Commodities trading rule call rejected: "Switzerland has sought to ­protect its central role in the commodities trading industry, rejecting calls for stringent regulation in the sector and opting instead to launch a consultation over a set of voluntary principles for the industry. The Swiss government will publish on Wednesday a long-awaited report on the commodities industry, which includes groups such as Glencore, Vitol and Cargill with big offices in cities such as Geneva, Zug and Lugano. The report will stop short of calling for strict mandatory regulation, as campaigners have demanded, instead proposing a wide-ranging consultation about transparency and human rights, according to three people familiar with the discussions." (Financial Times)
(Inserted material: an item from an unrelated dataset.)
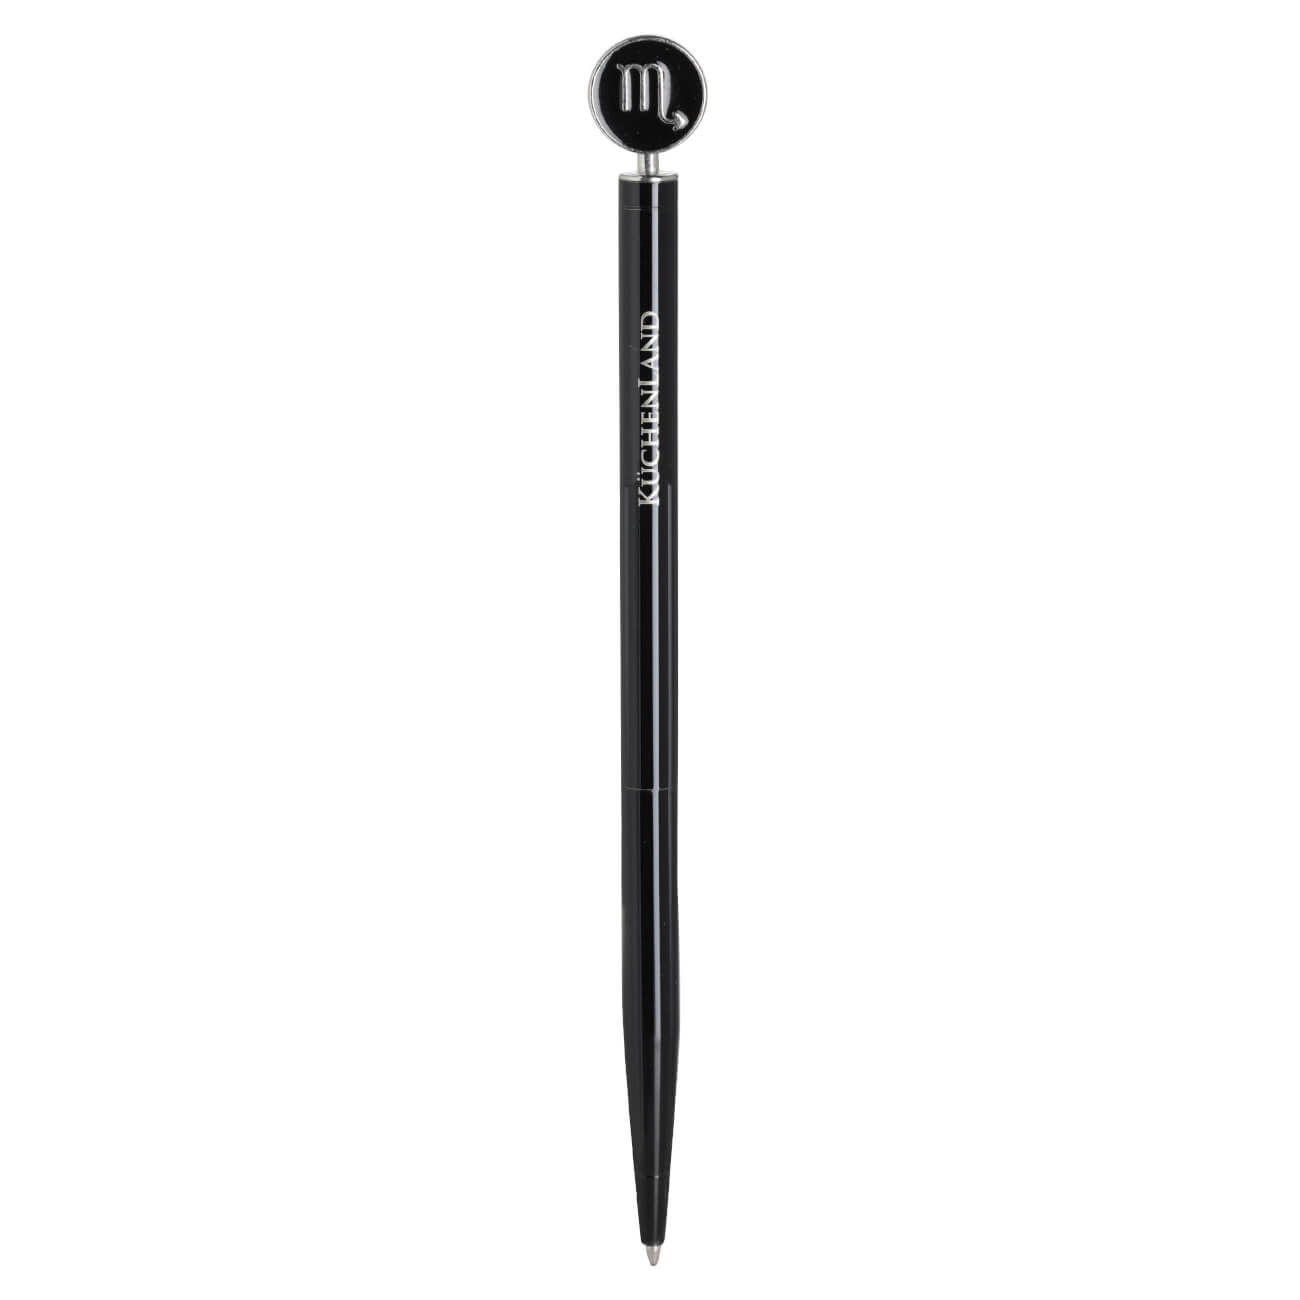 Ручка шариковая, 15 см, с фигуркой, сталь, черно-серебристая, Скорпион, Zodiac dueto gun ручка стилус

FSA hits Prudential with £30m fine: The UK's Financial Services Authority will levy a £30m fine on Prudential and censure its chief executive, Tidjane Thiam, over the way it handled its abortive $35.5bn bid for AIA, the rival insurer, in 2010. The penalty, expected to be announced later on Wednesday, relates to the Pru's failure to inform the City regulator punctually of its intention to take over AIA, according to people close to the situation. (Financial Times)
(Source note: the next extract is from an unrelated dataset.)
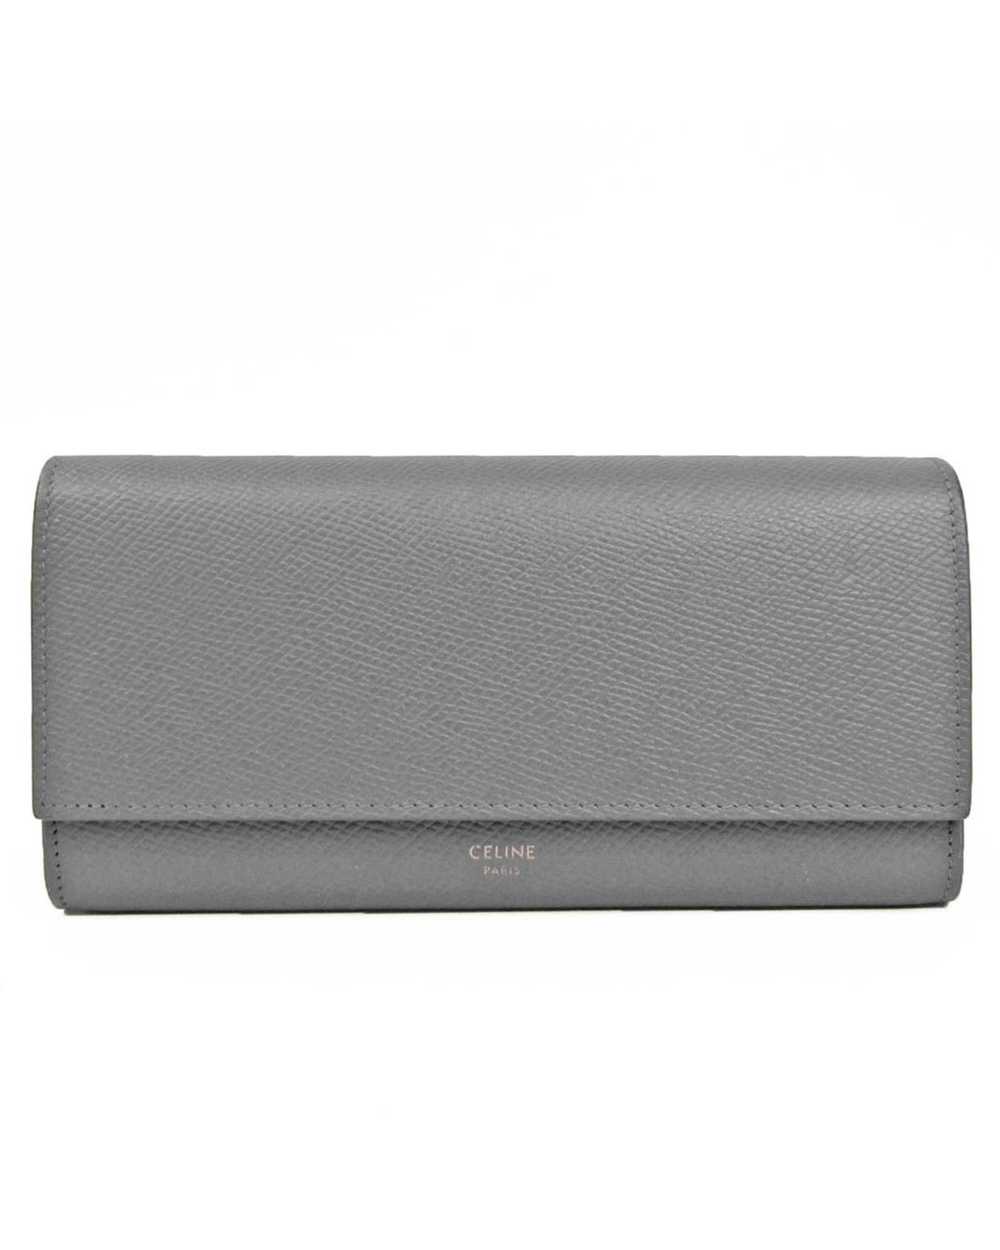 Celine Large Flap Wallet - image 1

A potential rail boom is underway: "Welcome to the revival of the Railroad Age. North America's major freight railroads are in the midst of a building boom unlike anything since the industry's Gilded Age heyday in the 19th century—this year pouring $14 billion into rail yards, refueling stations, additional track. With enhanced speed and efficiency, rail is fast becoming a dominant player in the nation's commercial transport system and a vital cog in its economic recovery." (Wall Street Journal)

Improving home prices help drive US economy: "Home prices rose 8.1 percent in January, the fastest annual rate since the peak of the housing boom in summer 2006. Demand for longer-lasting factory goods increased 5.7 percent in February, the biggest gain in five months." (New York Times)
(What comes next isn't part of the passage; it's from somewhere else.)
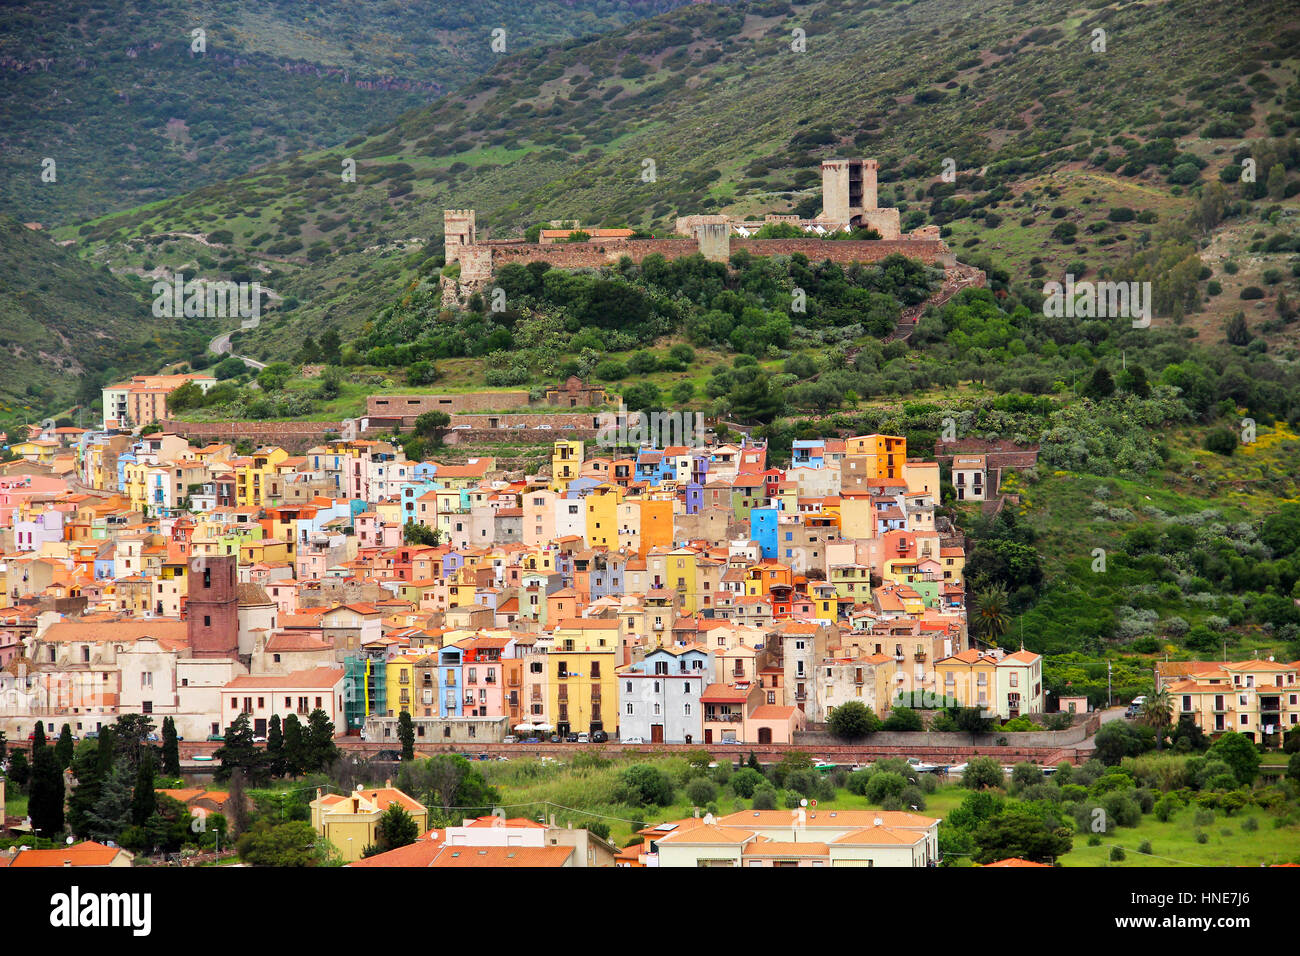 Bosa aux maisons colorées et le château de Serravalle, province d'Oristano, Sardaigne, Italie Banque D'Images

Secret HQ set up in London to fight cyber crime: "Britain's security services are to open a new unit in London to work with business to protect UK companies from the growing threat of cyber attacks by China, Russia and Iran. The new initiative – formally called the Cyber Security Information Sharing partnership – will be established at an undisclosed location in London, where around a dozen officers from the Government Communications Headquarters and MI5 will work with business representatives to monitor potential threats." (Financial Times)

Bank of Spain sees deeper gloom in 2013: "The Spanish economy will shrink by 1.5 per cent this year and unemployment is set to rise above 27 per cent, the Bank of Spain has predicted. The central bank's latest annual forecast leaves little doubt that 2013 will be an even tougher year for Spaniards than last year, with housing prices also heading for yet another sharp fall. The economy will again be marked by weak domestic demand, a fragile labour market and tight financial conditions, the bank said." (Financial Times)

Poland opens way to euro referendum: "Donald Tusk, Poland's prime minister, took a big political gamble on Tuesday when he opened the door to a referendum on joining the euro, in the face of strong public opposition to the common currency. The move is part of a campaign to prepared Poland to begin the final stages of accession to the single currency by 2015. Mr Tusk had previously opposed a public vote, arguing that Poles had already bound themselves to the euro when they voted in 2003 to join the EU." (Financial Times)

Markets: Stocks are firmer, with Wall Street closing in on record levels, as investors express optimism over the US economy. But the euro remains at four-month lows, a sign the market also remains wary about the impact on the eurozone of the Cypriot banking crisis. This leaves mixed moves in growth-focused barometers, with copper up 0.1 per cent to $3.45 a pound and Brent crude off 26 cents at $109.10 a barrel. A muddle can be seen in supposed havens, where gold is off $4 to $1,595 an ounce, the dollar index is advancing 0.2 per cent, and Treasury prices are slightly firmer, nudging 10-year yields down 1 basis point to 1.90 per cent. writes the FT's Global Markets Interlocutor Jamie Chisholm.